GULF COAST ECONOMIC LIMITS—3: Economic limits calculated for fields across Louisiana

June 21, 2010
During 1977-2007, 690 oil and gas fields in Louisiana terminated production.

During 1977-2007, 690 oil and gas fields in Louisiana terminated production. We classify these fields by product type, location, and year of termination, and summarize end-of-life production and adjusted gross revenue statistics.

The economic limits of oil and gas fields in state waters are two to six times greater in dollar value than fields in South Louisiana, and fields in the South have economic limits about two to five times greater than fields in the North. We also show that gas fields turn marginal sooner than oil fields throughout the state.

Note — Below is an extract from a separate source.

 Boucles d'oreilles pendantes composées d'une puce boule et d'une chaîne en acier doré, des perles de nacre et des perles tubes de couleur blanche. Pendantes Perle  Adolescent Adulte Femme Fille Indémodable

During the last year of production, average oil field revenues varied from $35,000 in North Louisiana to $101,000 in South Louisiana to $227,000 offshore; gas field revenue thresholds ranged from $57,000 (North Louisiana) to $402,000 (South Louisiana) to $936,000 (offshore).

Daily oil production the last year of operations ranged from 2.6 b/d of oil equivalent (North) to 7.6 boe/d (South) to 25.2 boe/d (offshore). Daily end-of-life gas production rates ranged from 41 Mcfd of gas equivalent (North) to 236 Mcfe/d (South) to 476 Mcfe/d (offshore).

Resources and production

Drilling for oil took place in Louisiana as early as 1866, but it was not until the success at Spindletop in Southeast Texas that drillers returned to Louisiana and discovered oil at Jennings, about 90 miles east of Beaumont.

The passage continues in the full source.